Weil der Volkshochschulverband Baden-Württemberg von allen VHS-Standorten eine aufwendige Zertifizierung verlangt, wird in Baltmannsweiler nun darüber nachgedacht, wie die örtliche Bildungseinrichtung gerettet werden kann.

Für Petra Erlewein dreht sich gerade alles um die Zukunft der Volkshochschule (VHS) Baltmannsweiler. Diese ist derzeit nämlich alles andere als gesichert. Grund dafür ist der sogenannte Entwicklungsplan zur Steigerung der Zukunftsfähigkeit der baden-württembergischen Volkshochschulen, den der Volkshochschulverband Baden-Württemberg beschlossen hat.
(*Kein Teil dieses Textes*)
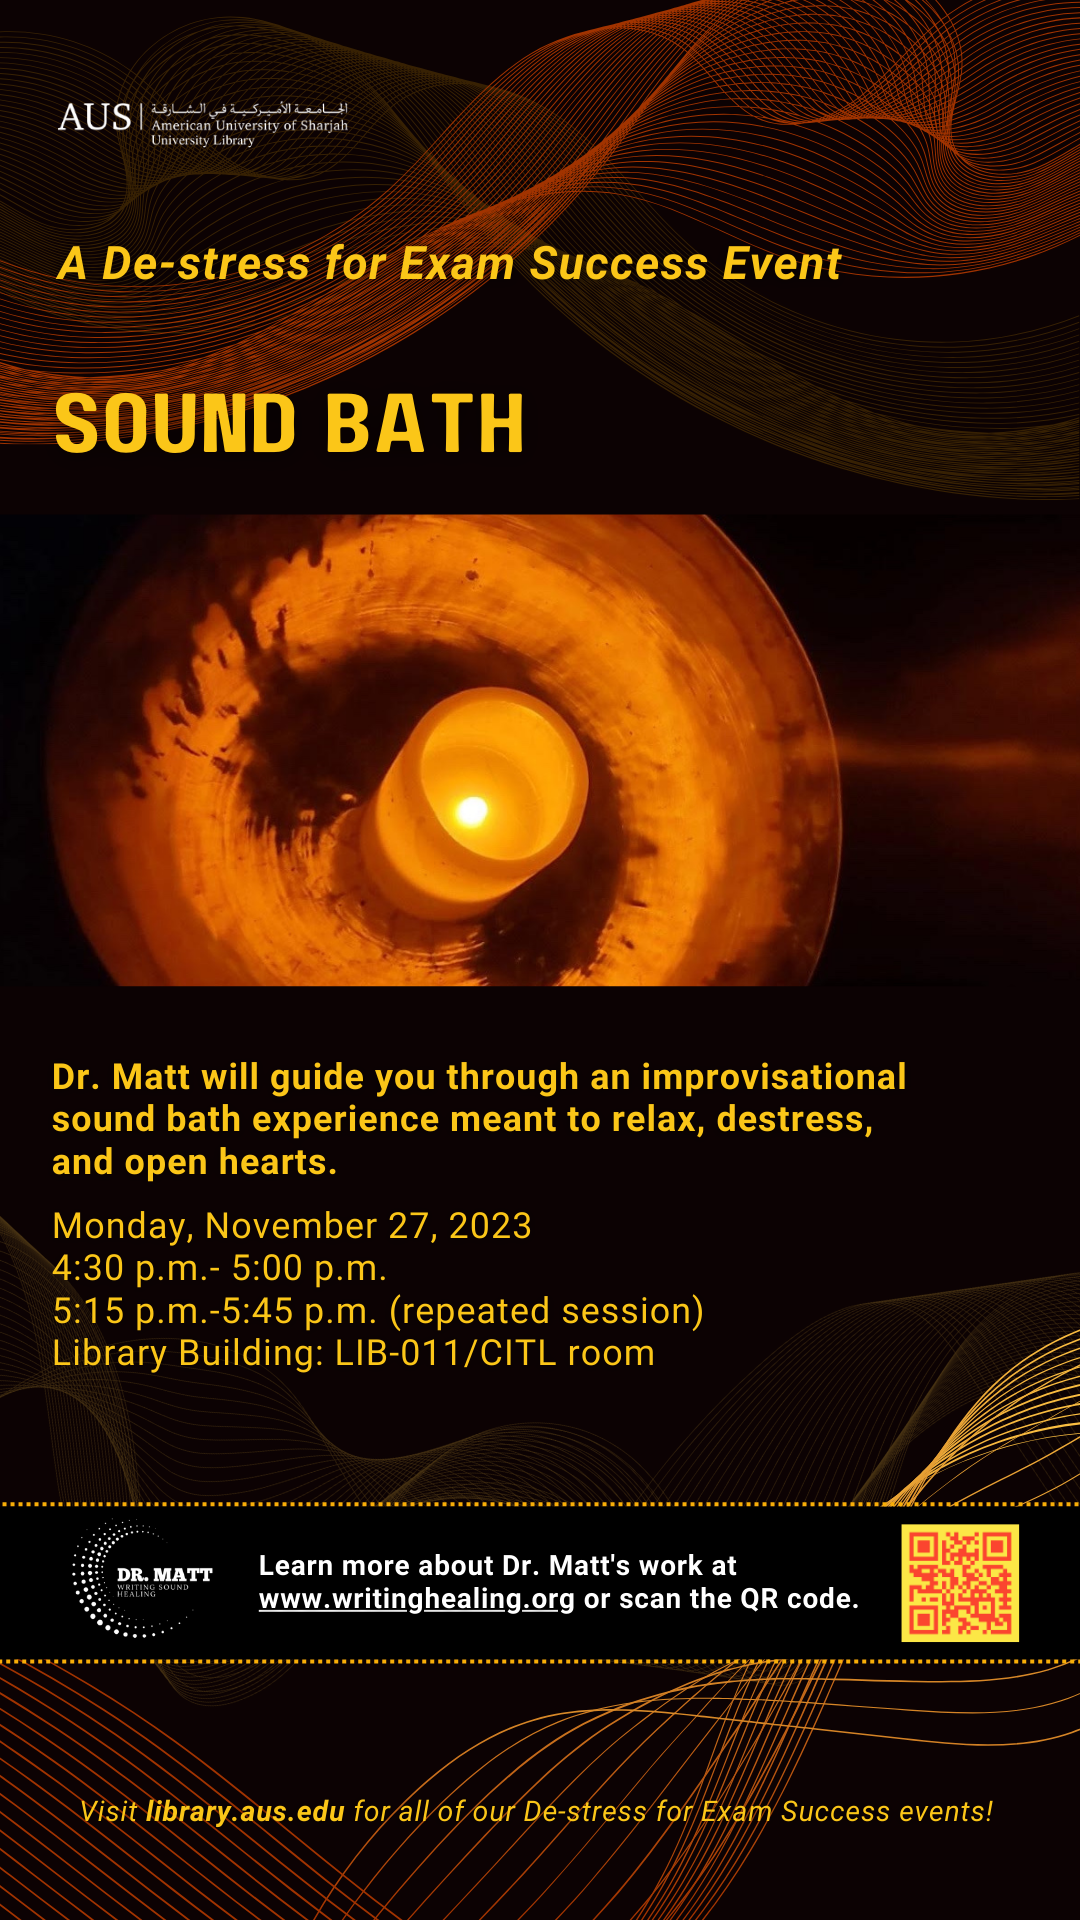 Sound Bath Experience Poster

Bis spätestens Ende April 2022 sollen alle Volkshochschulen im Land durch ein Zertifikat als qualitätsgesichert ausgewiesen sein. Derzeit liegt die Quote laut Angaben des Dachverbandes bei knapp 80 Prozent. Gerade für kleine Standorte wirft das Probleme auf. Für die VHS Baltmannsweiler gibt es mehrere Möglichkeiten, weiterhin zu bestehen. Zum einen kann sie versuchen, ein Zertifikat zu erlangen und ihre Arbeitsweise auf die neuen Gegebenheiten einzustellen. Eine andere Variante wäre, dass die VHS erneut als Außenstelle in die VHS Esslingen aufgenommen wird – 2006 hatte sich die VHS Baltmannsweiler selbstständig gemacht. Als eine weitere Möglichkeit wäre es grundsätzlich denkbar, dass sich Baltmannsweiler vom VHS-Dachverband trennt und fortan unter einem neuen Namen Bildung vor Ort anbietet.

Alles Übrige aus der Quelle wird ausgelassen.